Date: 2005-08-31 12:46 pm (UTC)
here was Narnia ending and Paradise coming, and only seven people got to come?

Huh? A huge number of Narnians got to come -- the ones who came up to the Door, looked Aslan in the face and loved Him. We're told that this included not only the ones alive when Tirian & Co. were thrown into the stable but all the Narnians throughout history who loved Aslan -- and some surprising additions too, including a bunch of Calormenes. They all went running past the Friends of Narnia and disappeared, going "farther up and farther in", but they were definitely there.

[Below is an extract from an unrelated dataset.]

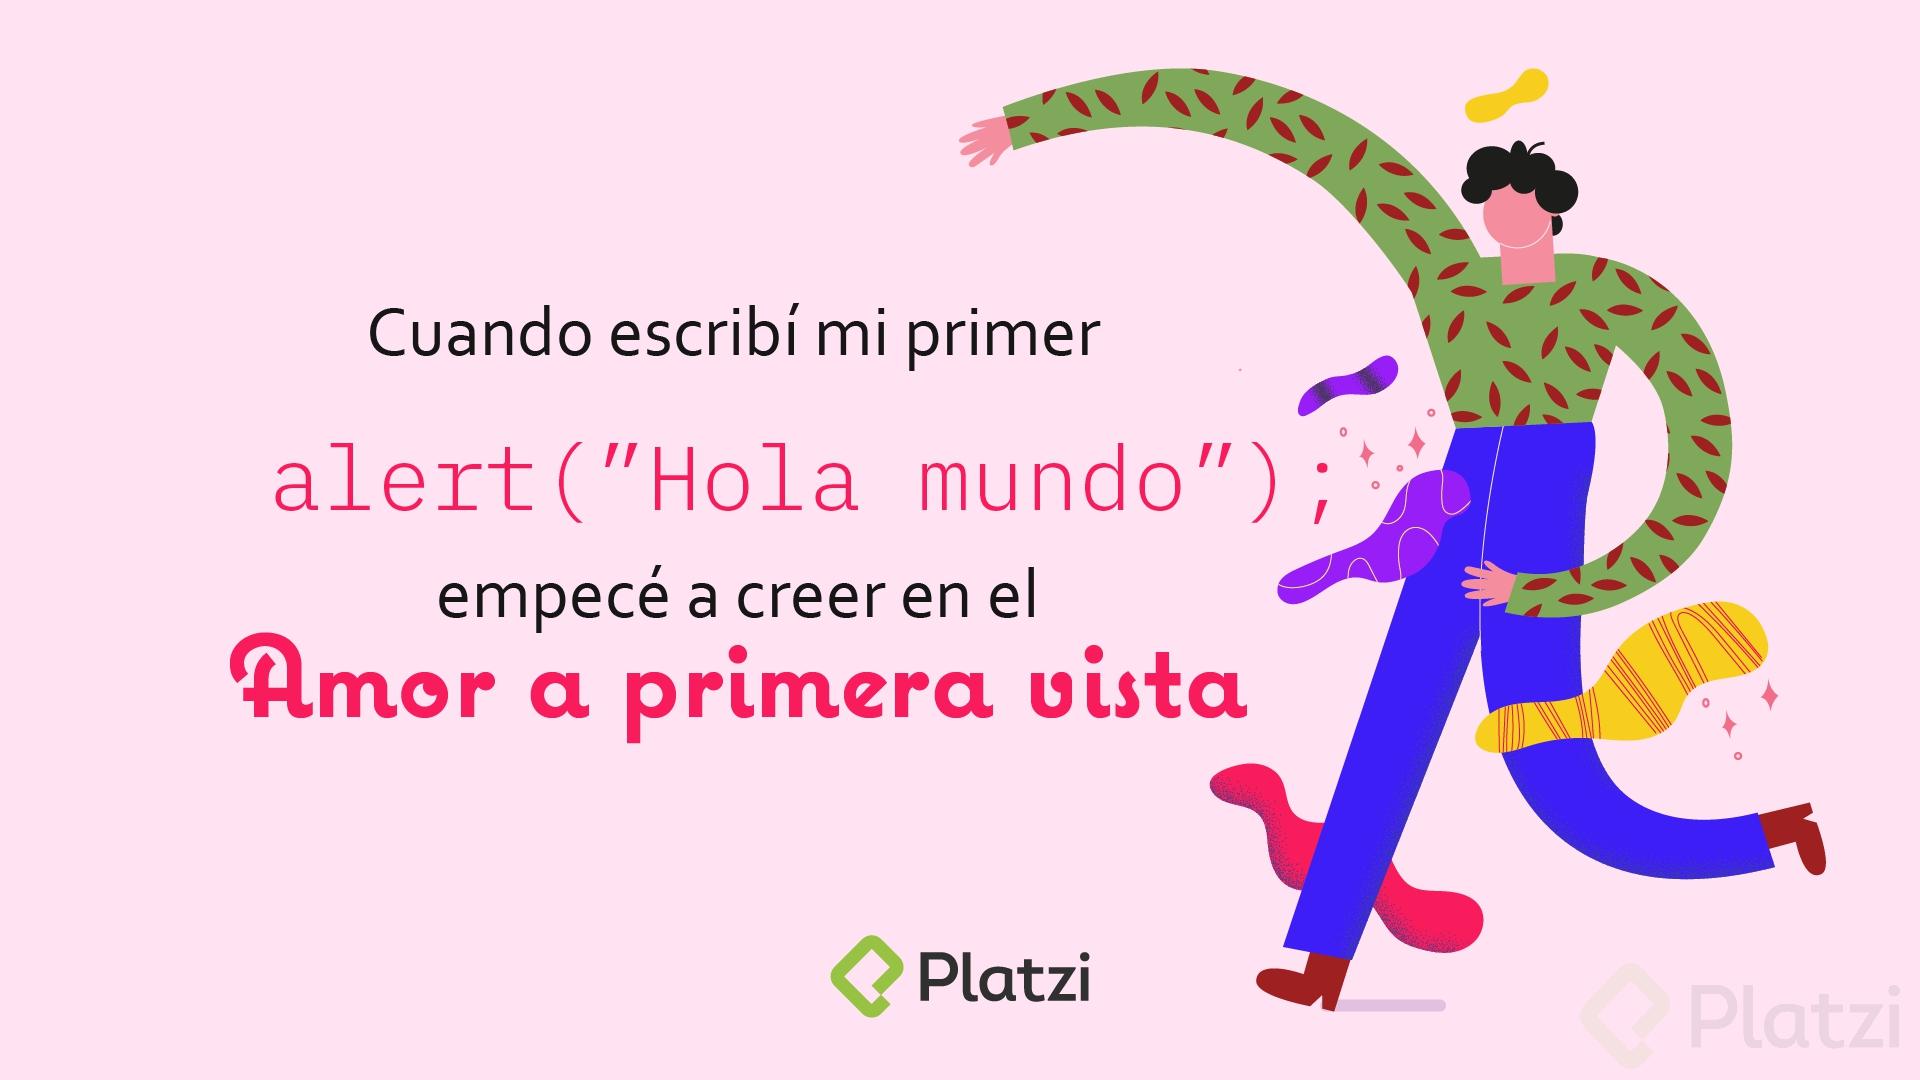 frase4.png

As far as the "only seven" is concerned I'm guessing you mean that only seven people from our world got to come to Paradise -- but that's not true either, because the Pevensies saw "our people" -- meaning their father and mother, and other dead family members and loved ones -- waving to them from a distance when they got deeper into Narnia. But note, it was the end of Narnia we were witnessing, not the end of all the worlds and not the end of our own world either. There were seven people from our world there because they were all on the train heading to Bristol that smashed up and killed them all, not because the whole of Planet Earth had been destroyed and only seven people were Found Worthy. Planet Earth was still carrying on just fine, and that's where Susan (who was not on the train) remains.

It just seemed to be to be incredibly killjoy and Puritan of Lewis to exclude her on such minor grounds as vanity. If that's all it took to be denied Heaven, what was the chance of the rest of us getting in?

Peter, Edmund, Lucy and the others didn't get into Paradise because they were perfect (we're shown their faults, and even their serious sins -- remember Edmund was a traitor? -- in other books of the series) but because they loved Aslan and believed in Him. Susan's vanity didn't keep her from being worthy of Heaven, because none of us are worthy and we don't get to Heaven on the basis of our own goodness in the first place. Susan's vanity simply distracted her, at this point in time, from being interested in Aslan and Narnia any more: thus she wasn't with the Friends of Narnia when they died on the train. But as another poster to this thread pointed out (http://www.livejournal.com/users/synaesthete7/176635.html?thread=1630459#t1630459), Lewis wasn't writing her off at all.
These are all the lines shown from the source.